Bad sequence length management when seq_len%tensor_parallel_degree!=0 #1306

@jc-audet

Description

@jc-audet

Bug description

Hey all!

I’ve been trying to set up my own transformer tensor parallelism following the setup here in TorchTitan. I’ve been looking at the internal shapes of the input at various places in my model and have seen that the sequence parallel shapes around embeddings and layer norms are not managed correctly when the sequence length is not a multiple of the TP size. However I’m confused because I have not seen any warning or docs describing this restriction.
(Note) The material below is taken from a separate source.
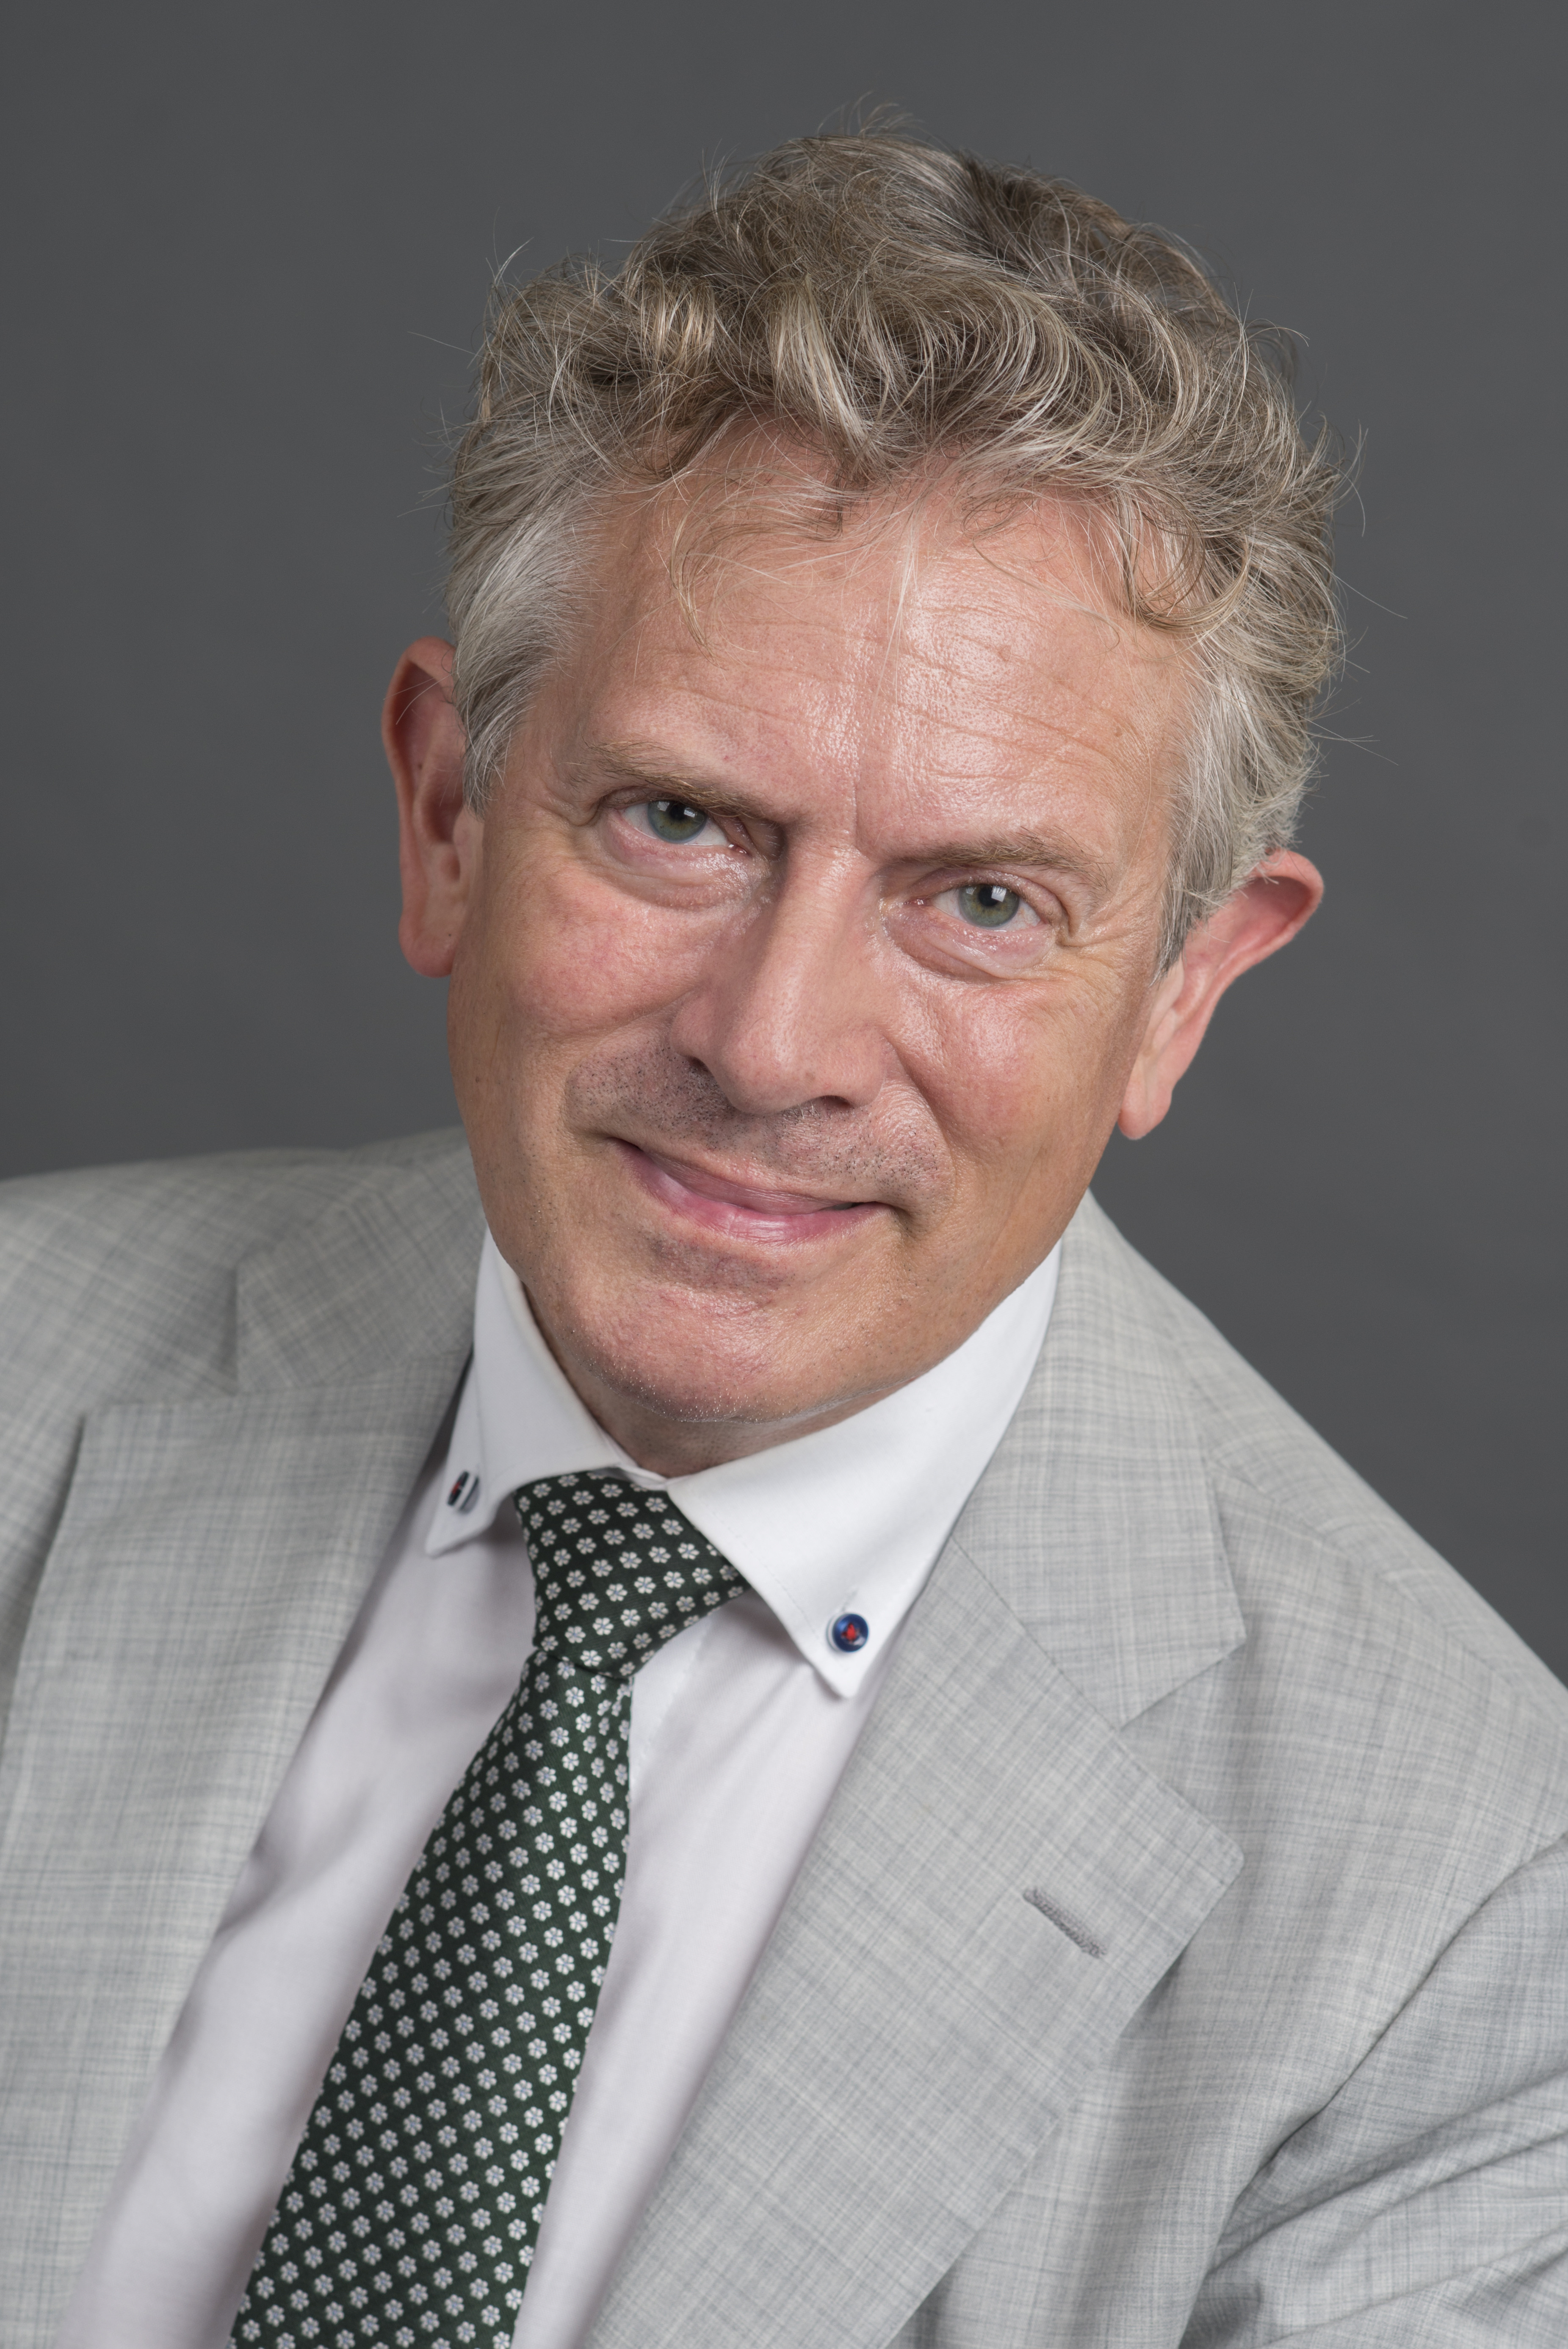 Marc Schoorel

Am I doing something wrong?

PS: Thanks for this great repository, this is gold.

Repro:

Setup directly on TorchTitan main

git clone https://github.com/pytorch/torchtitan
cd torchtitan
conda env create -n titan python=3.12
pip install -r requirements.txt
pip3 install --pre torch --index-url https://download.pytorch.org/whl/nightly/cu126 --force-reinstall
[For AMD GPU] pip3 install --pre torch --index-url https://download.pytorch.org/whl/nightly/rocm6.3 --force-reinstall

Replace Transformer forward with : (Functionally equivalent to original)

    def forward(self, tokens: torch.Tensor, input_batch: torch.Tensor | None = None):
        if self.model_args.use_flex_attn:
            init_attention_mask(
                input_batch if input_batch is not None else tokens, eos_id=self.eos_id
            )
        
        # passthrough for nonexistent layers, allows easy configuration of pipeline parallel stages
        h = self.tok_embeddings(tokens) if self.tok_embeddings else tokens

        torch.distributed.barrier()
        logger.info(f"[Rank {torch.distributed.get_rank()}] Embedding: {tokens.shape=} -> {h.shape=}")
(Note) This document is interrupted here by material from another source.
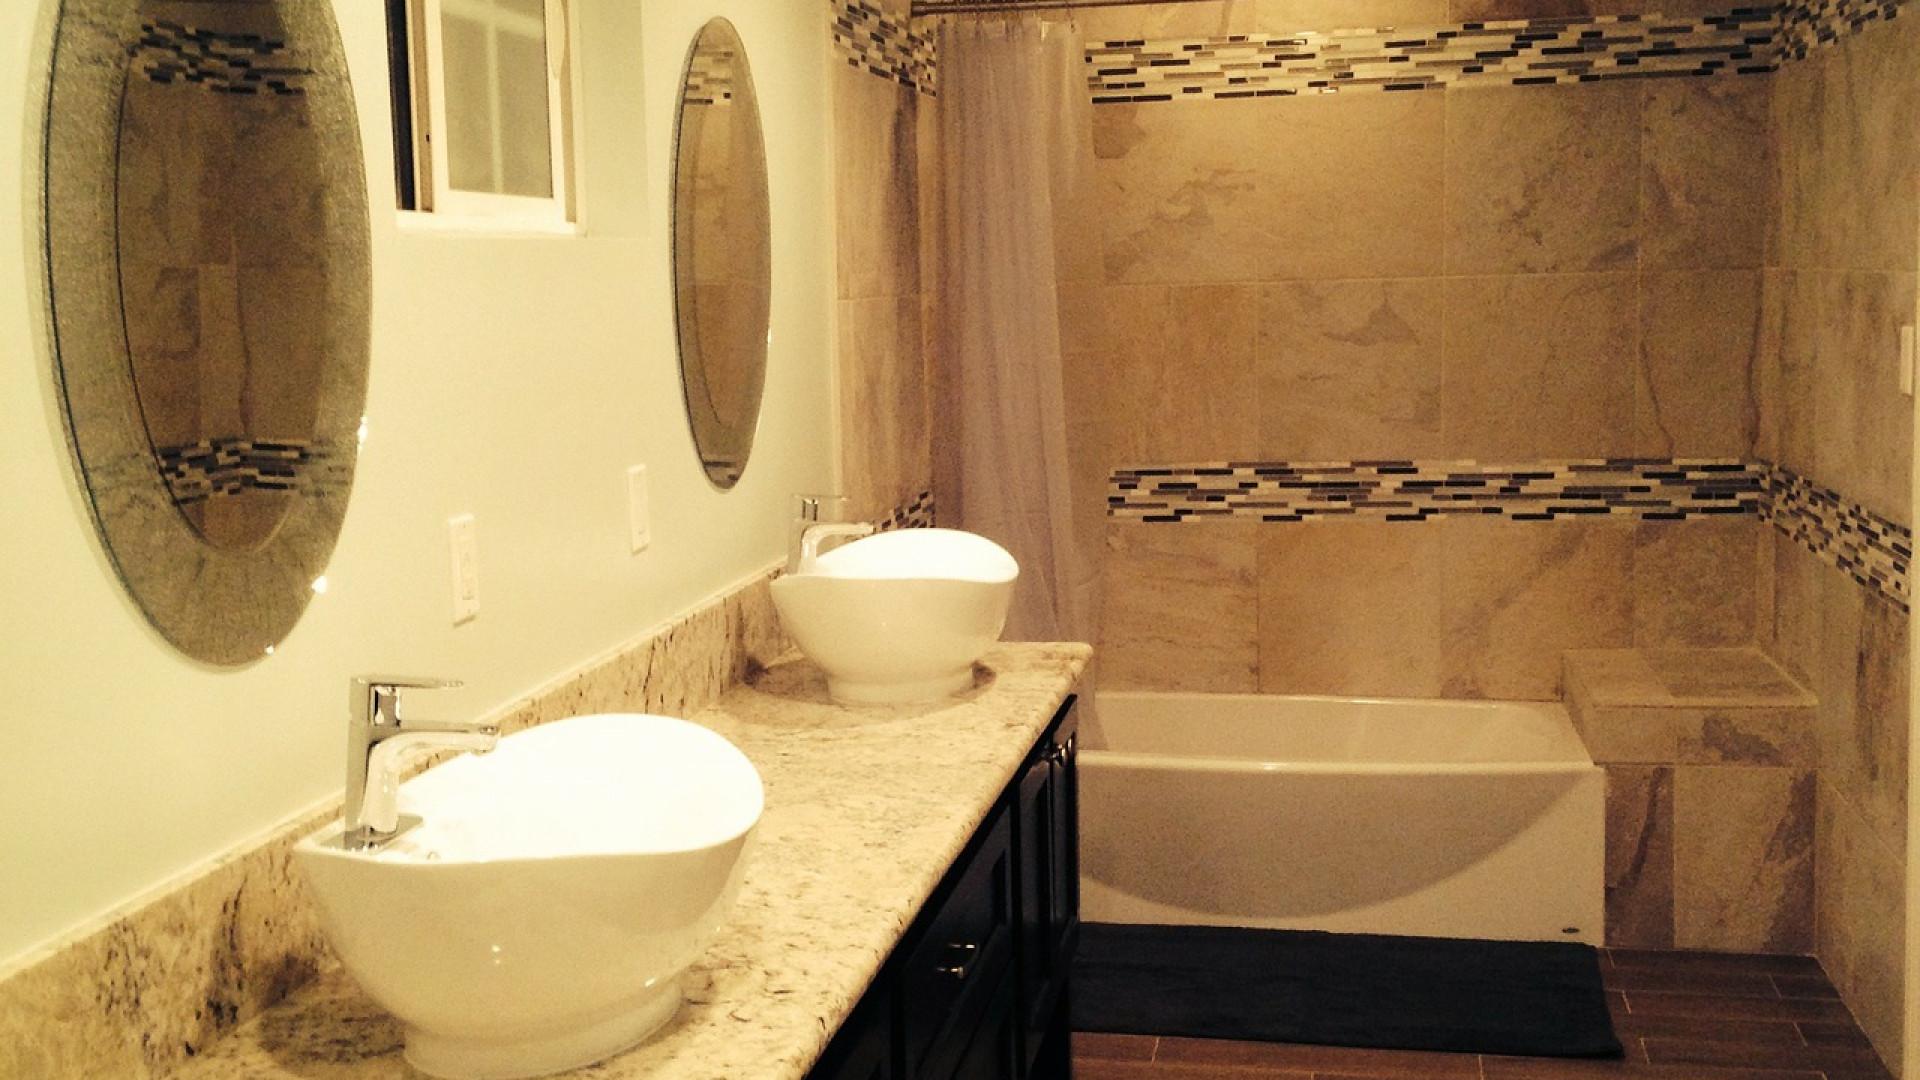 Comment décorer sa salle de bain pas cher ?

        for layer in self.layers.values():
            h = layer(h, self.freqs_cis)
        
        h = self.norm(h) if self.norm else h
        output = self.output(h) if self.output else h
        return output

Replace TransformerBlock forward with: (Functionally equivalent to original)

    def forward(
        self,
        x: torch.Tensor,
        freqs_cis: torch.Tensor,
    ):

        residual = x
        x_normed = self.attention_norm(x)

        torch.distributed.barrier()
        logger.info(f"[Rank {torch.distributed.get_rank()}] attention_norm: {x.shape} -> {x_normed.shape}")

        h = residual + self.attention(x_normed, freqs_cis)

        torch.distributed.barrier()
        logger.info(f"[Rank {torch.distributed.get_rank()}] attention: {x_normed.shape} -> {h.shape}")

        h_normed = self.ffn_norm(h)

        torch.distributed.barrier()
        logger.info(f"[Rank {torch.distributed.get_rank()}] ffn_norm: {h.shape} -> {h_normed.shape}")

        out = h + self.feed_forward(h_normed)

        torch.distributed.barrier()
        logger.info(f"[Rank {torch.distributed.get_rank()}] feed_forward: {h_normed.shape} -> {out.shape}")
        if torch.distributed.get_rank() == 0:
            breakpoint()
        torch.distributed.barrier()
        return out

Change in llama3_3b.toml

seq_len = 8193
tensor_parallel_degree = 4

Run

NGPU=4 LOG_RANK=0,1,2,3 CONFIG_FILE="./torchtitan/models/llama3/train_configs/llama3_8b.toml" ./run_train.sh

Observed results

[rank0]:[titan] 2025-06-16 19:22:50,757 - root - INFO - [Rank 0] Embedding: tokens.shape=torch.Size([1, 8193]) -> h.shape=torch.Size([1, 2049, 4096])
[rank1]:[titan] 2025-06-16 19:22:50,757 - root - INFO - [Rank 1] Embedding: tokens.shape=torch.Size([1, 8193]) -> h.shape=torch.Size([1, 2049, 4096])
[rank2]:[titan] 2025-06-16 19:22:50,757 - root - INFO - [Rank 2] Embedding: tokens.shape=torch.Size([1, 8193]) -> h.shape=torch.Size([1, 2049, 4096])
[rank3]:[titan] 2025-06-16 19:22:50,757 - root - INFO - [Rank 3] Embedding: tokens.shape=torch.Size([1, 8193]) -> h.shape=torch.Size([1, 2046, 4096])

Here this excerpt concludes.